Power of Faerûn
- Genre: Role-playing game
- Publisher: Wizards of the Coast
- Publication date: March 2006
- Media type: Print
- ISBN: 0-7869-3910-9

= Power of Faerûn =

2006 role-playing game supplement

Power of Faerûn is a supplement to the 3.5 edition of the Dungeons & Dragons role-playing game.

==Contents==
Power of Faerûn is an accessory for the Forgotten Realms that provides players with suggested tactics and descriptions.of possible pitfalls and opportunities for guiding their player characters to dominance in a campaign set in Faerûn. The book includes adventure ideas and guidelines for detailing ruling courts and other institutions and power groups, as well as handling political struggles, crises, and daily situations in play.

==Publication history==
Power of Faerûn was written by Ed Greenwood and Eric L. Boyd, and published in March 2006. The cover art was by Lucio Parrillo, with interior art by Daarken, Eric Deschamps, Rick Drennan, Ron Lemen, Warren Mahy, William O'Connor, Lucio Parrillo, Francis Tsai, and Franz Vohwinkel.

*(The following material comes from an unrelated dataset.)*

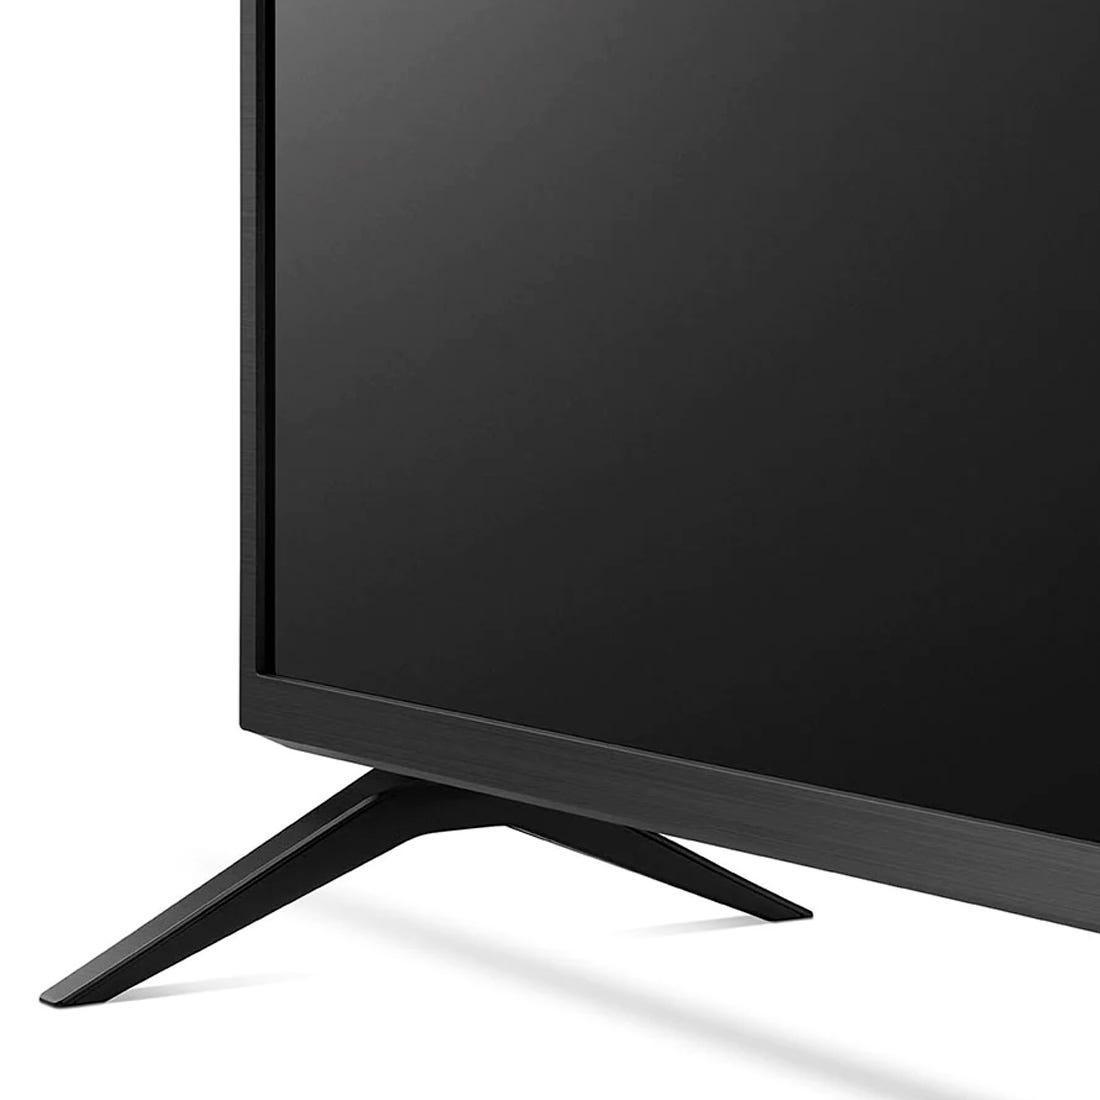 TV LG 55" LED 4K UHD SMART PRO 55UN731C - Mega Market
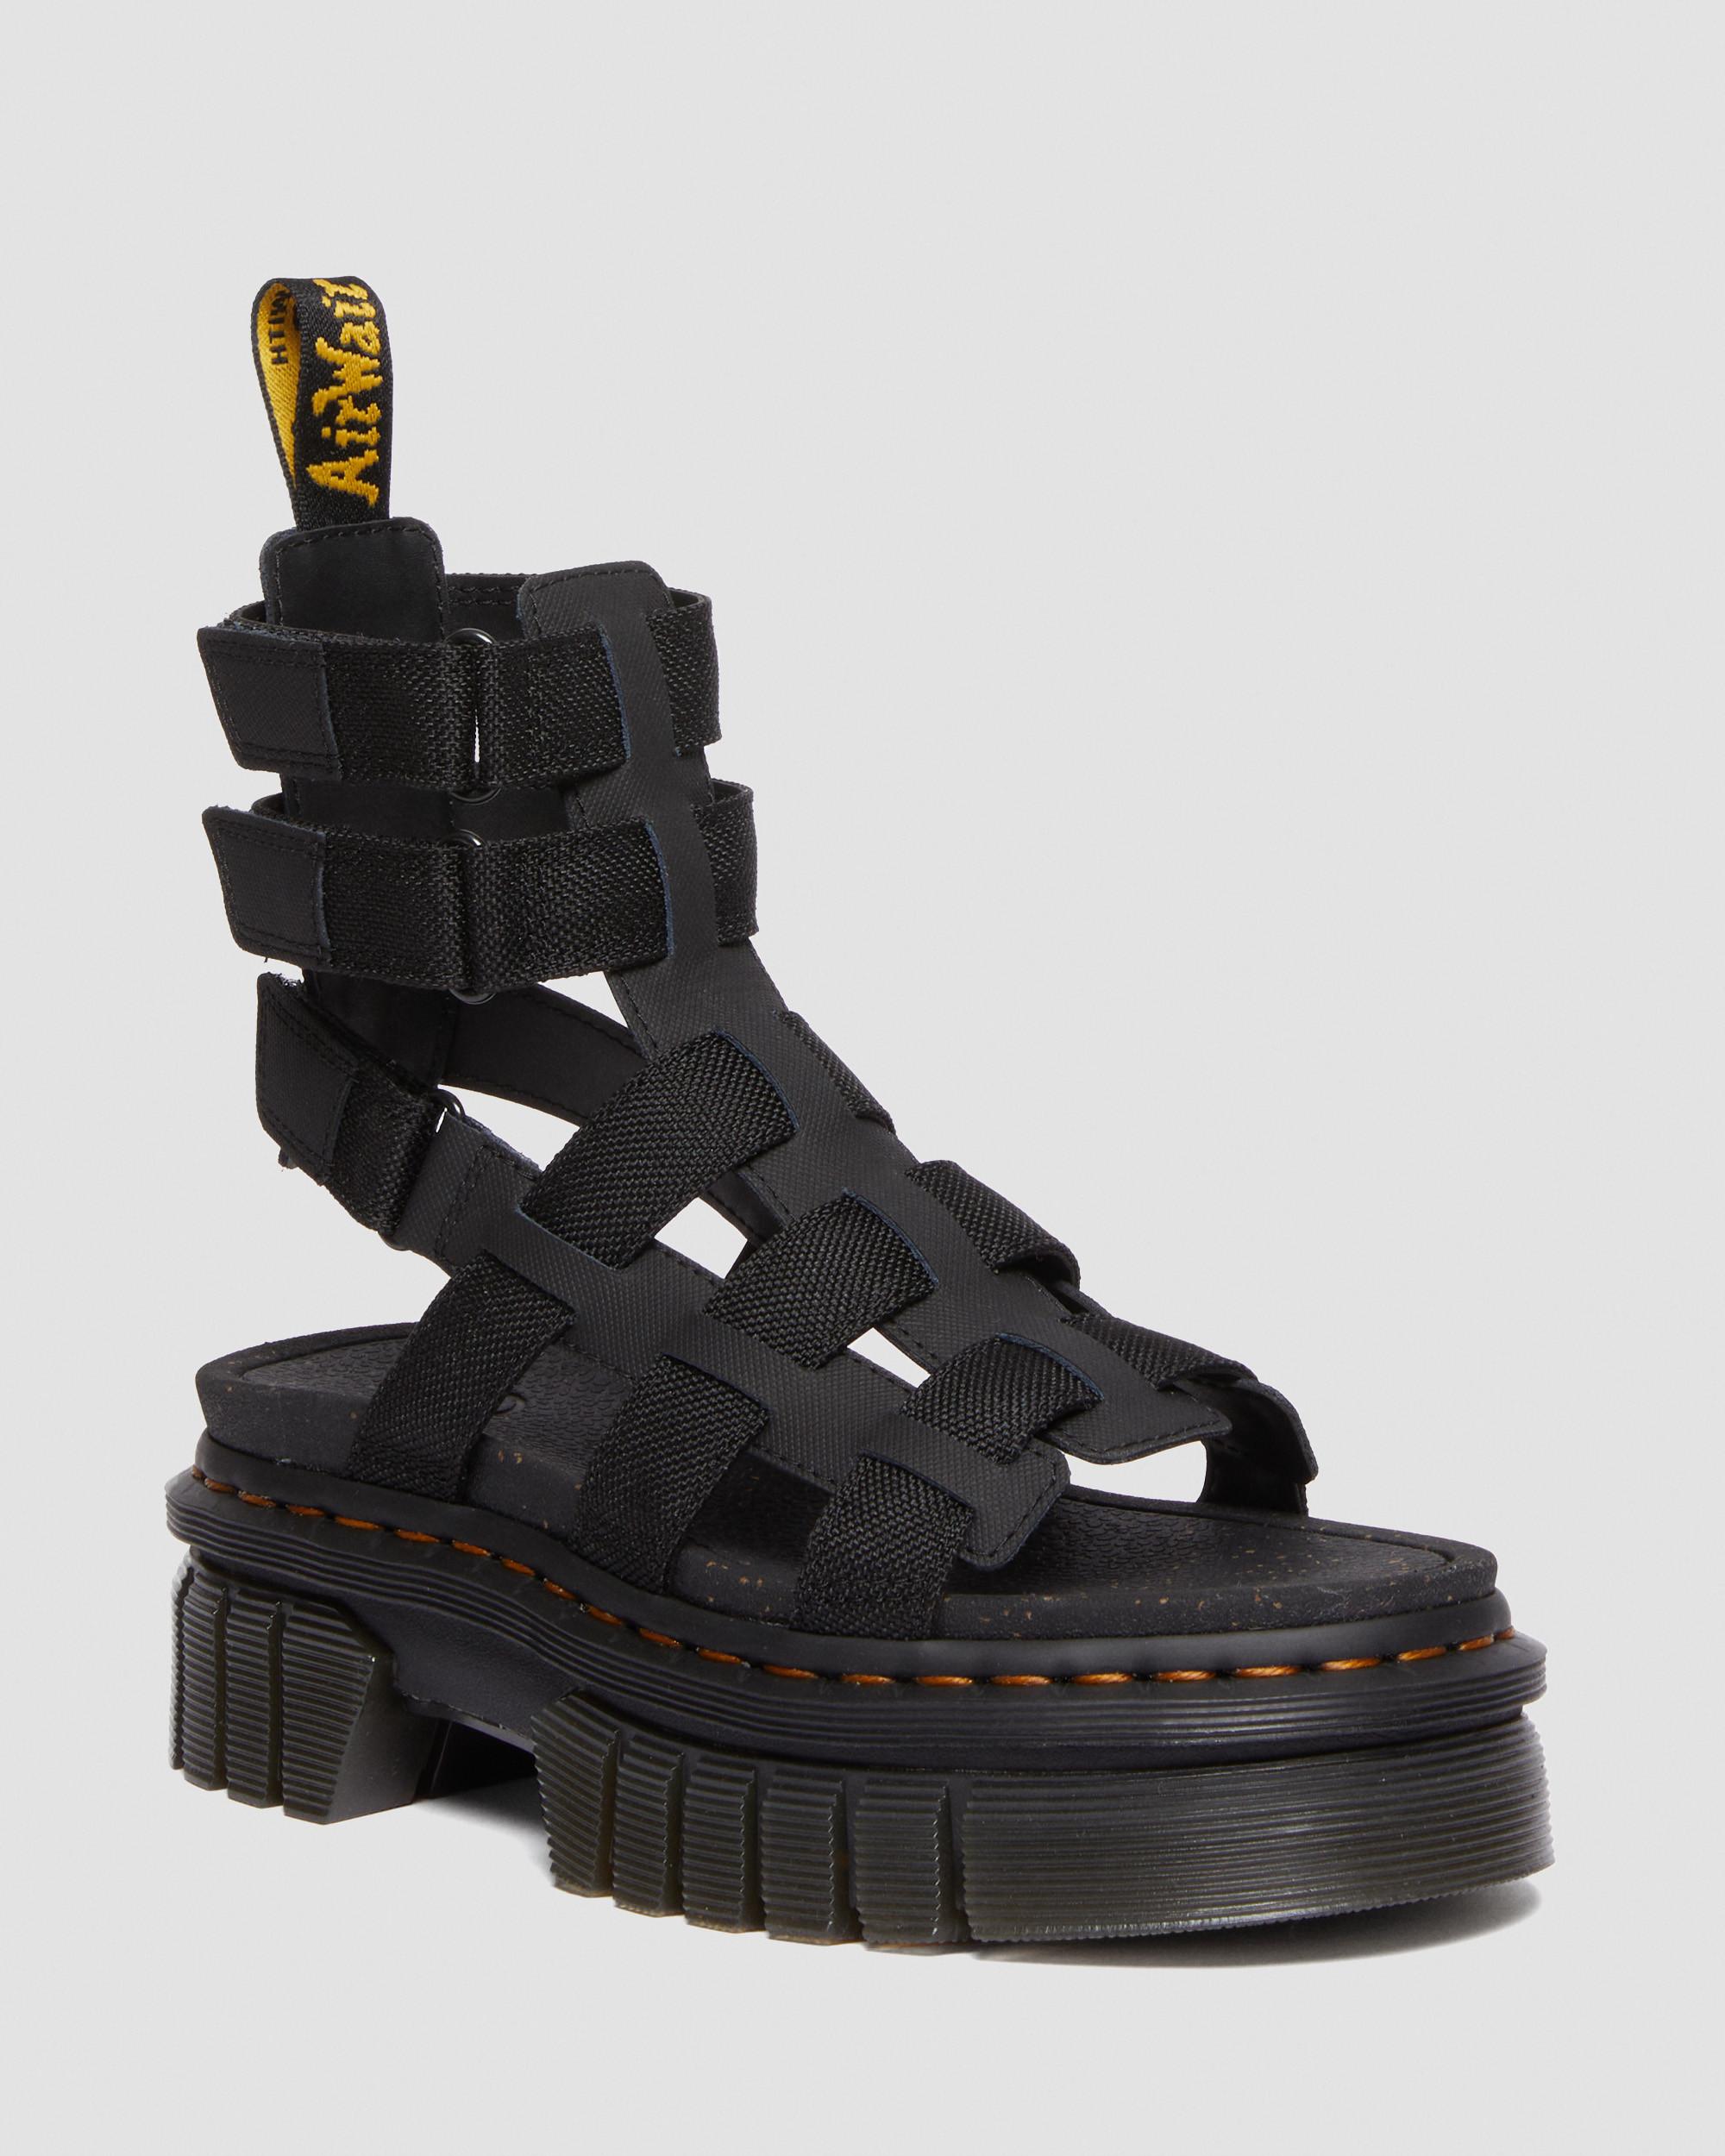 Uitreiken Voorzitter Elektrisch Ricki Leather Platform Gladiator Sandals | Dr. Martens

Ed Greenwood explained that his motivation for working on this book involved "the chance to delve into some of the hitherto-neglected facets of running high-level campaigns, including trade, intrigue, and social matters, and the opportunity to tackle the project alongside Eric L. Boyd, who's a great friend, superb 3.5e designer, and top-notch Realms expert".